*Given data:*

========================

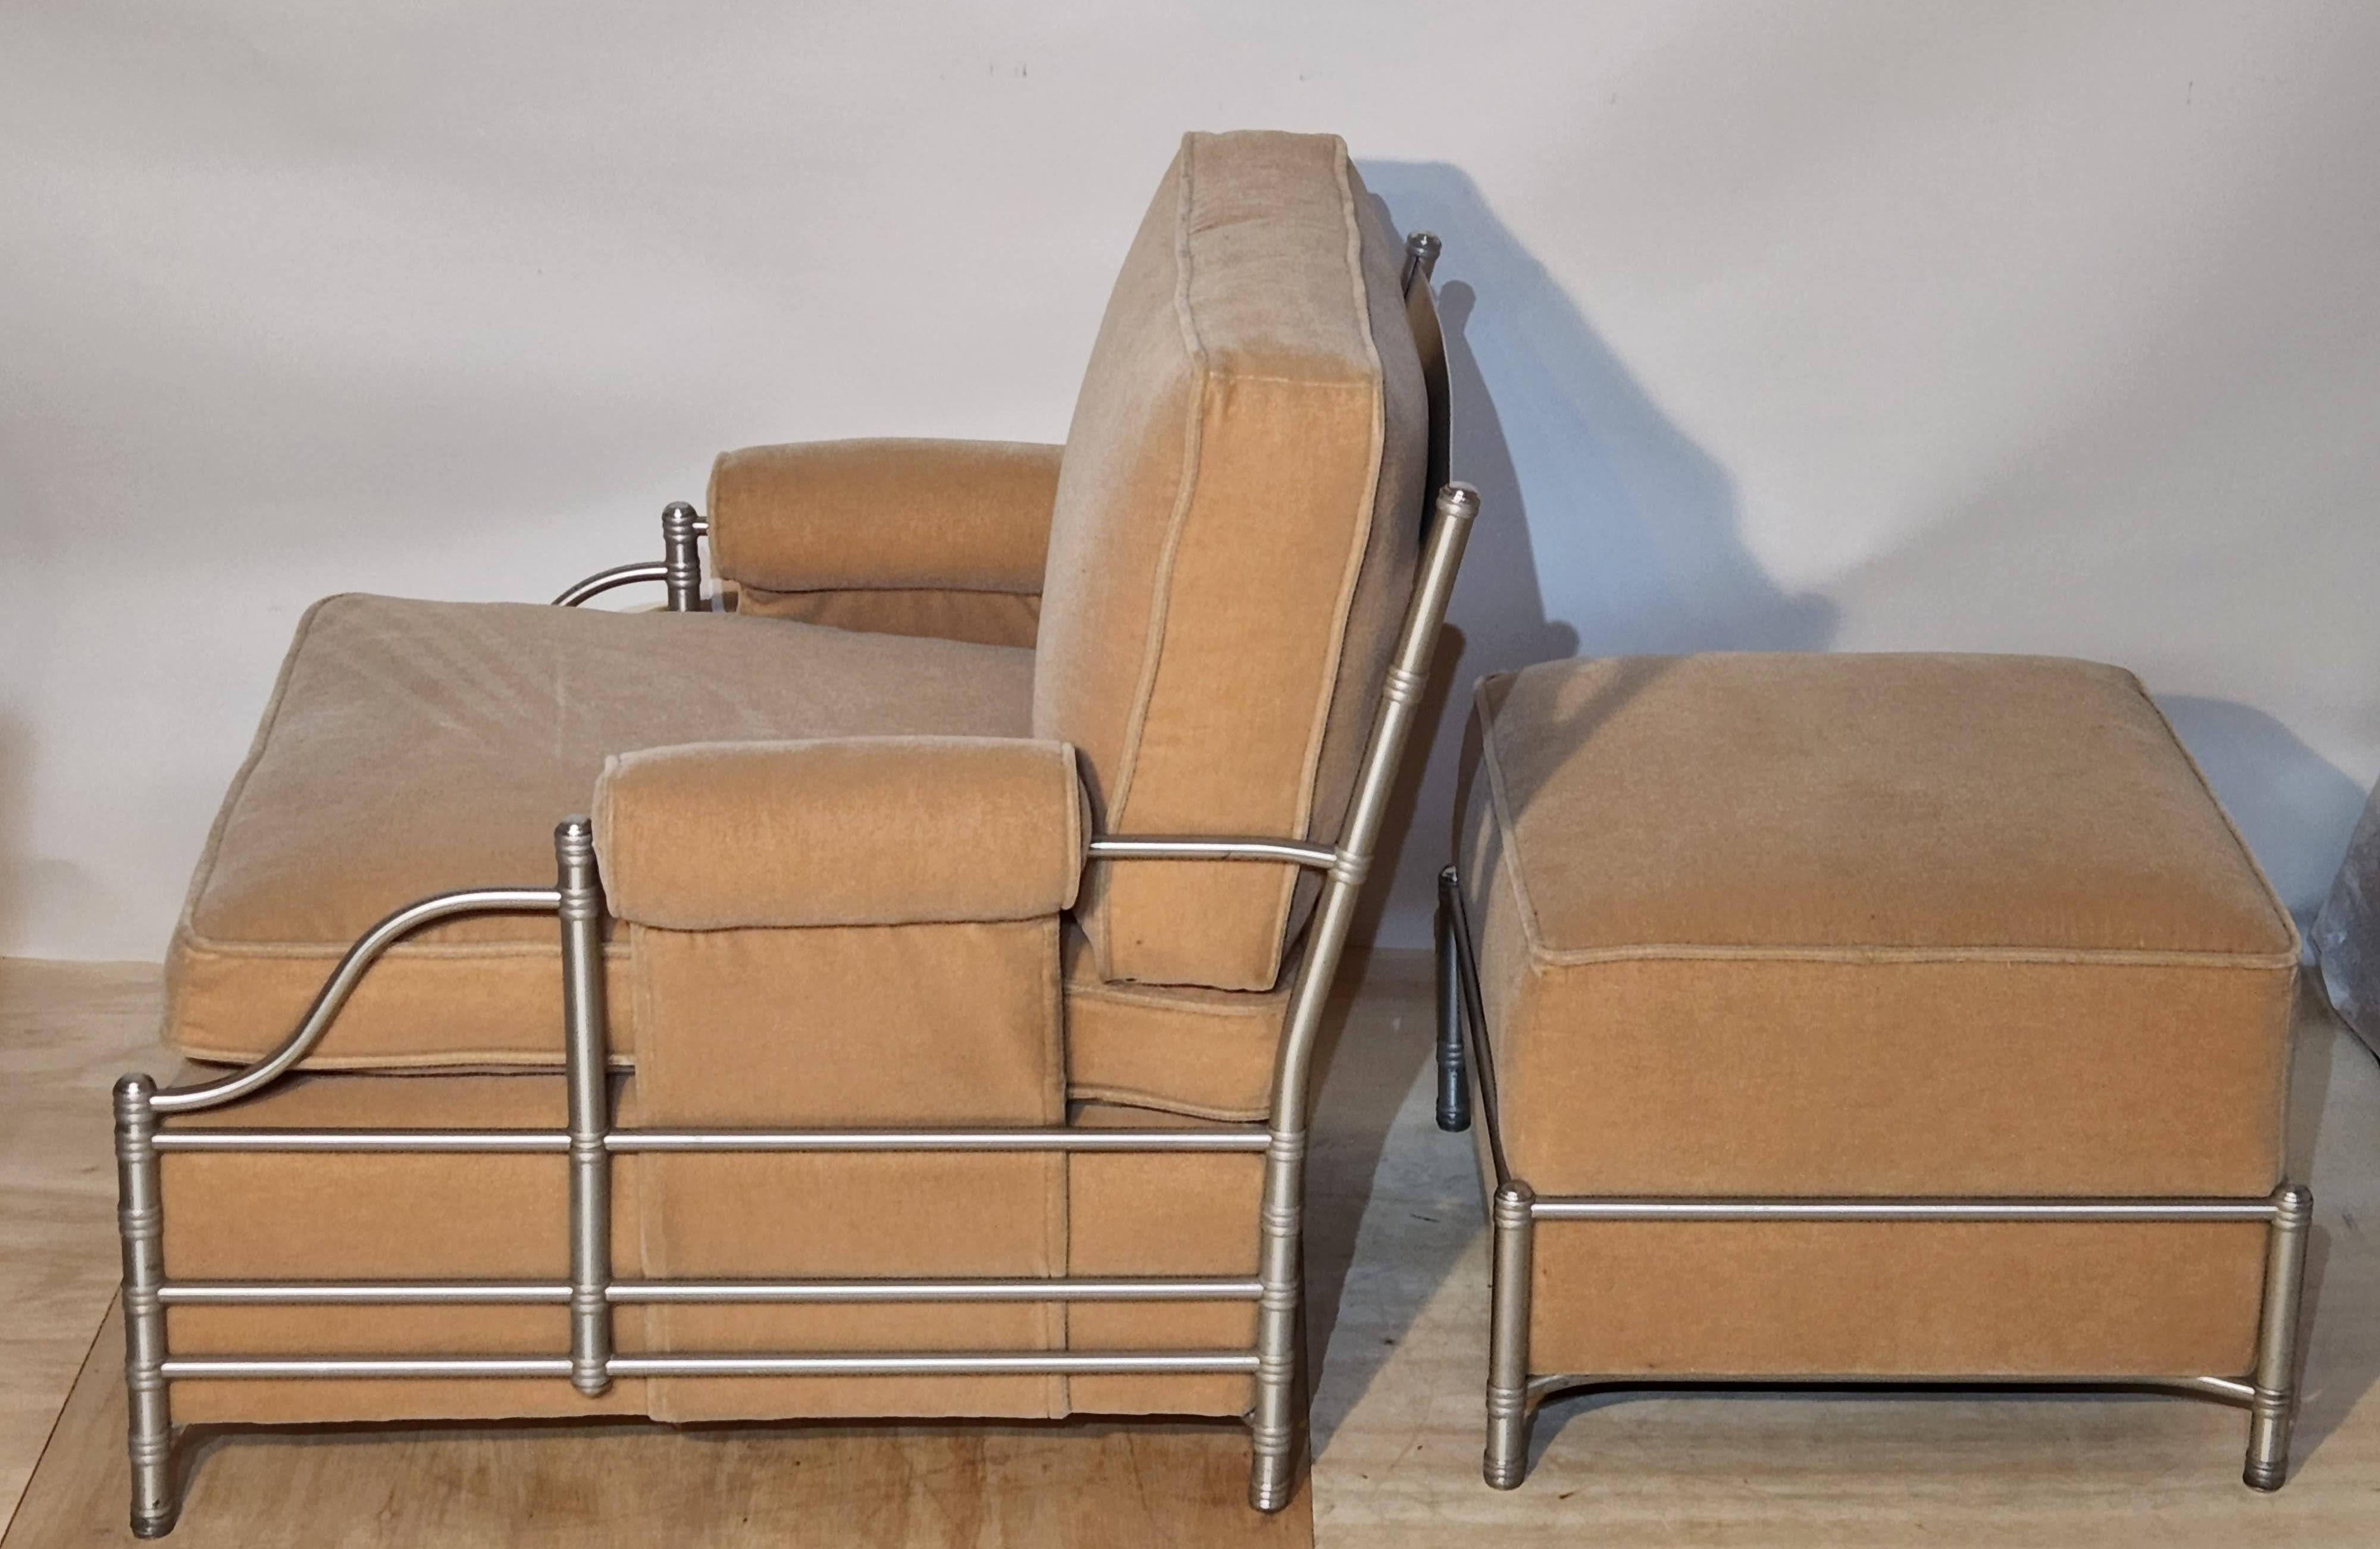 Rare Warren McArthur Arizona Biltmore Era Lounge Chair and Ottoman C. 1931 For Sale 2
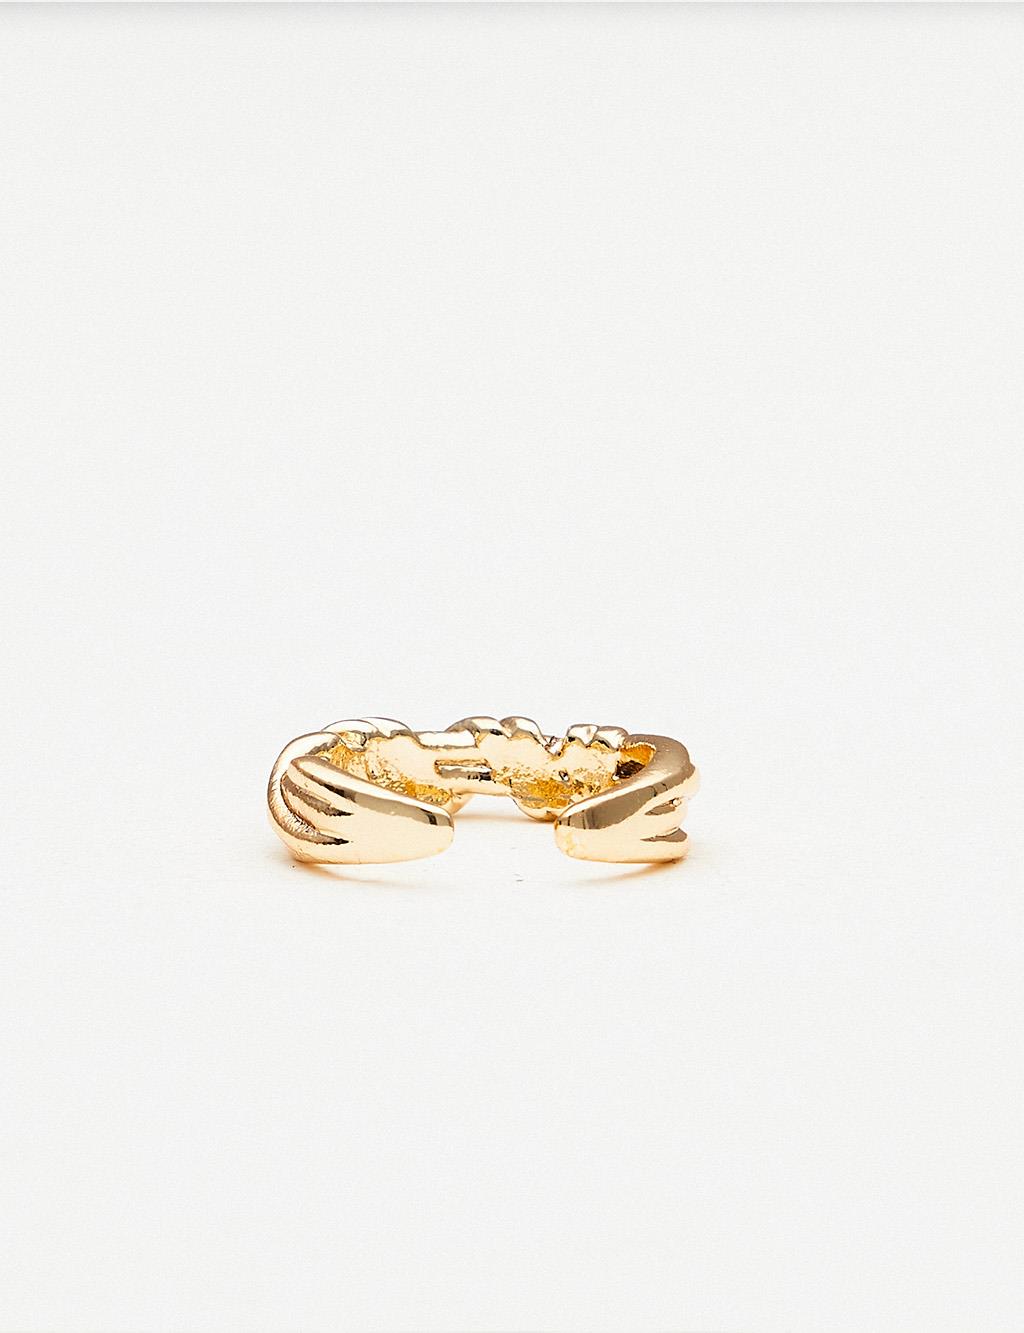 Adjustable Knit Ring Gold Color
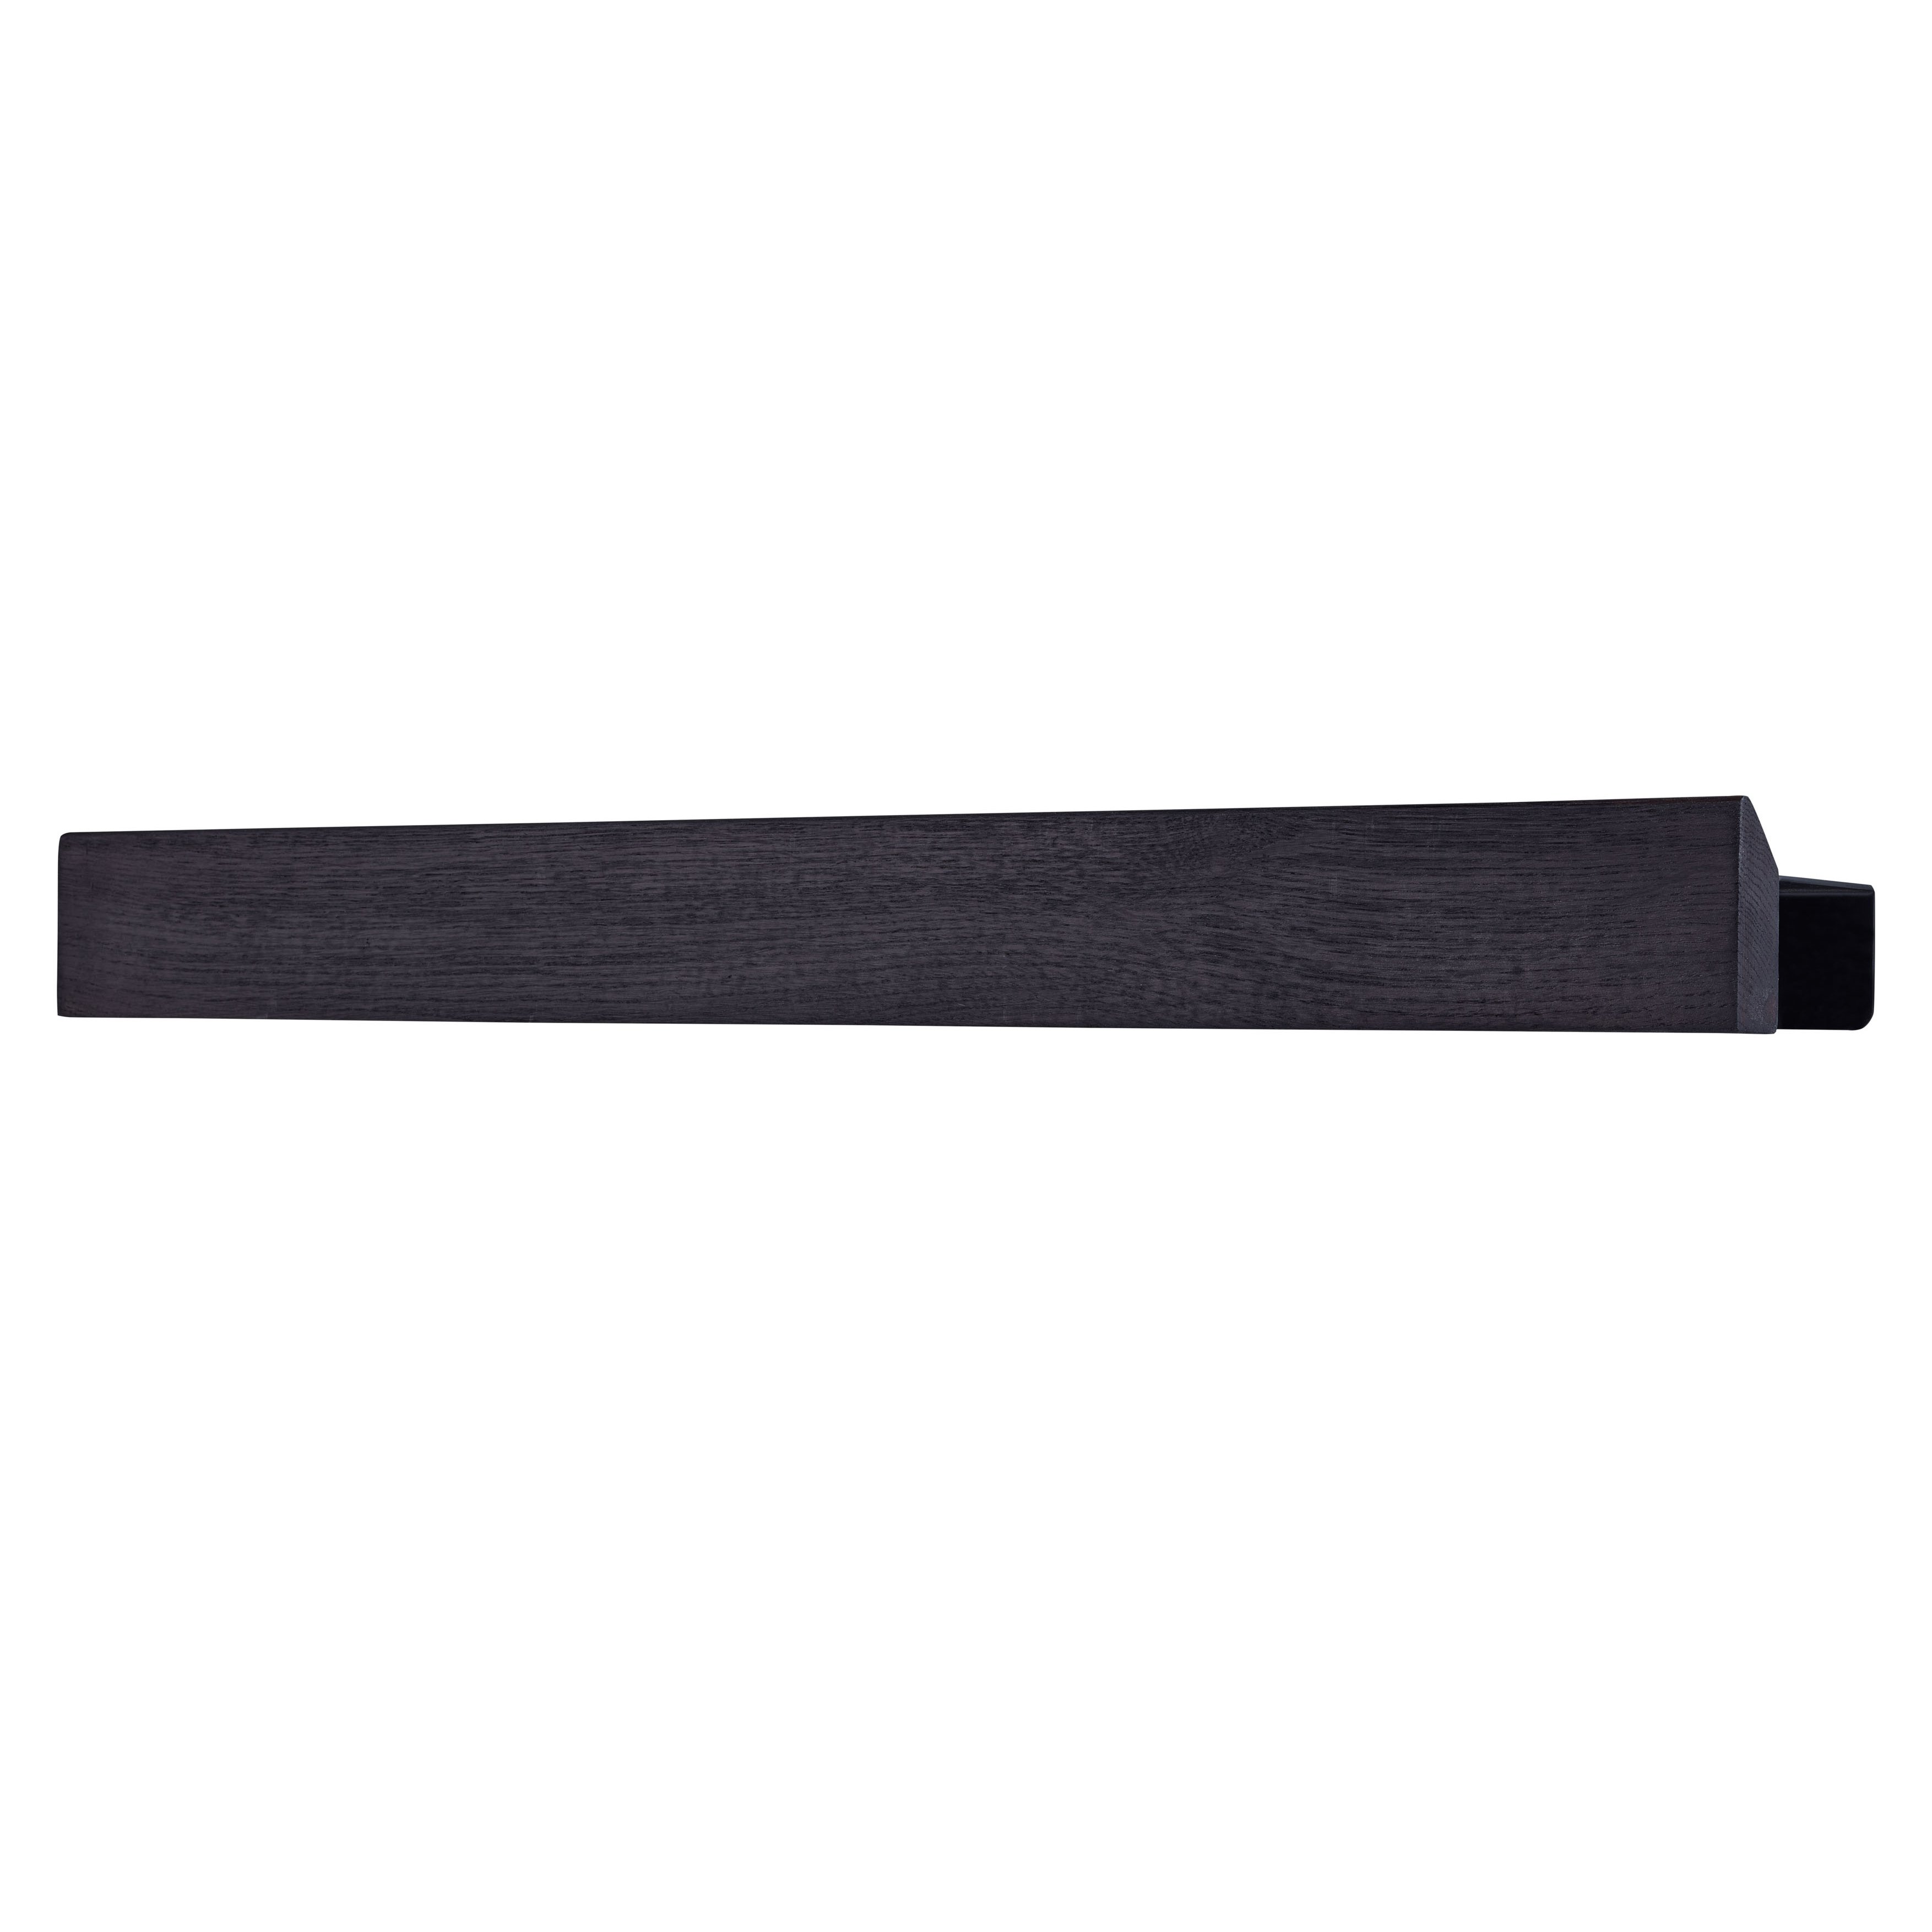 Gejst - Flex Rail 60 cm - Black/Black (00426)

========================

*What the task requires:* Output each of the lines above exactly, apart from the images.

*Written response:*
 Rare Warren McArthur Arizona Biltmore Era Lounge Chair and Ottoman C. 1931 For Sale 2
 Adjustable Knit Ring Gold Color
 Gejst - Flex Rail 60 cm - Black/Black (00426)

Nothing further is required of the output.